UPDATE 1-Czech government cuts 2013 growth outlook to almost zero

By Jana Mlcochova

PRAGUE, Jan 31 (Reuters) - Czech finance ministry slashed its growth outlook for this year to almost zero on Thursday after poor economic data showed the year-and-half old economic downturn deepened.

The ministry now expects the economy to eke out just 0.1 percent growth in 2013, down from 0.7 percent seen in its October forecast.

“The Czech economy was probably going through a shallow recession in 2012. It could emerge from (the recession) in the beginning of this year although a revival of economic activity should be very gradual,” the ministry said.

A series of tax hikes and budget cuts by the centre-right administration of Petr Necas hit household consumption while falling demand for Czech industrial products from the euro zone prompted companies to lay off people, curb wage increases, and cut investment.

Falling industrial output, the main driver of Czech growth, and purchasing managers indexes on the manufacturing sector have shown companies suffered from falling new orders.

Contracting retail sales, decelerating inflation and rising bank deposits have underscored defensive consumers.
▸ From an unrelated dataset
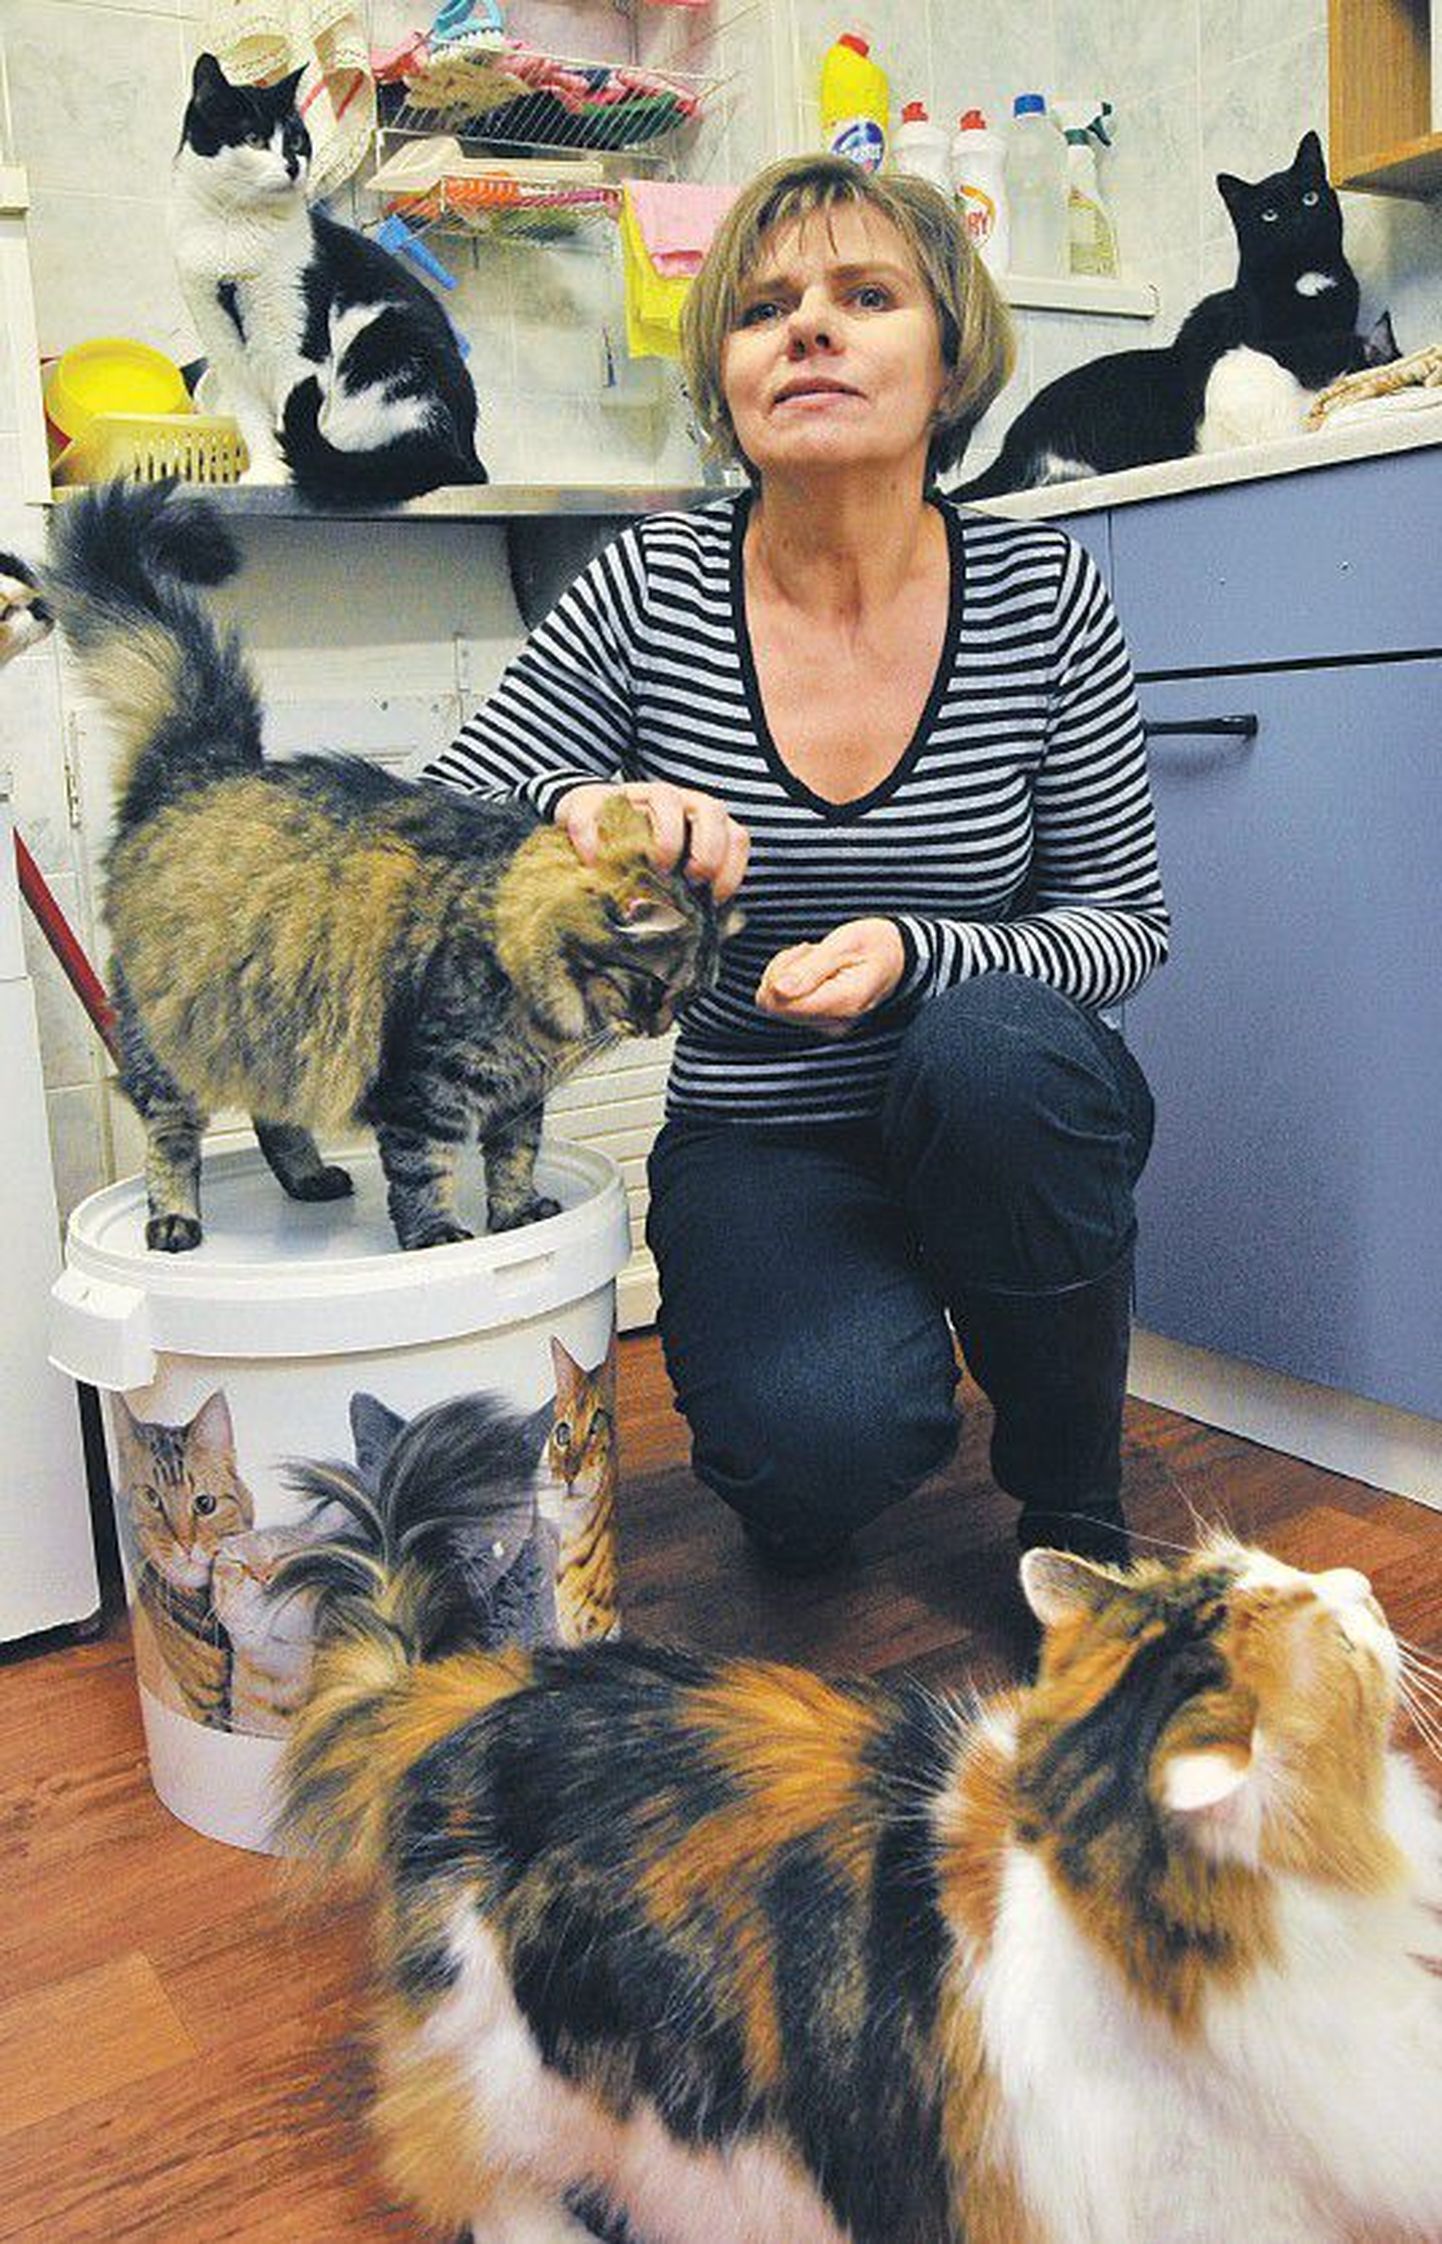 Учредитель и член правления приюта для кошек Кайя Кихо вот уже много лет целыми днями просиживает в подвале дома на улице Теразе в Кадриорге, где живут от 50 до 80 кошек.

The Czech economy has not grown since the middle of 2011 while the central bank cut borrowing costs to zero to prop up demand and said it would weaken the crown if it needs to ease policy further, to avert expectations for price falls and push people to spend.

The ministry expects household demand to contract by 0.7 percent this year, deeper than the 0.5 percent fall seen in October, and it sees the contribution of net exports to growth at 0.7 percentage points, down from 1.0 points seen in the autumn.

“The forecast seems slightly pessimistic... however, I agree with the view that the state budget will be tight this year and demands caution,” said Pavel Sobisek, chief economist at UniCredit Bank.

Regional peer Poland saw its growth fall to its weakest in three years in 2012 and is still slowing, adding to signs that one of Europe’s most resilient economies risks dipping into recession.

However, latest data from Germany, the Czech Republic’s main trading partner, including the business climate index Ifo and PMI showed business morale and activity has improved.

Czech Central Bank Deputy Governor Vladimir Tomsik told Reuters in an interview earlier this week the outlook for growth abroad has not worsened since the bank’s November forecast, which was a good signal.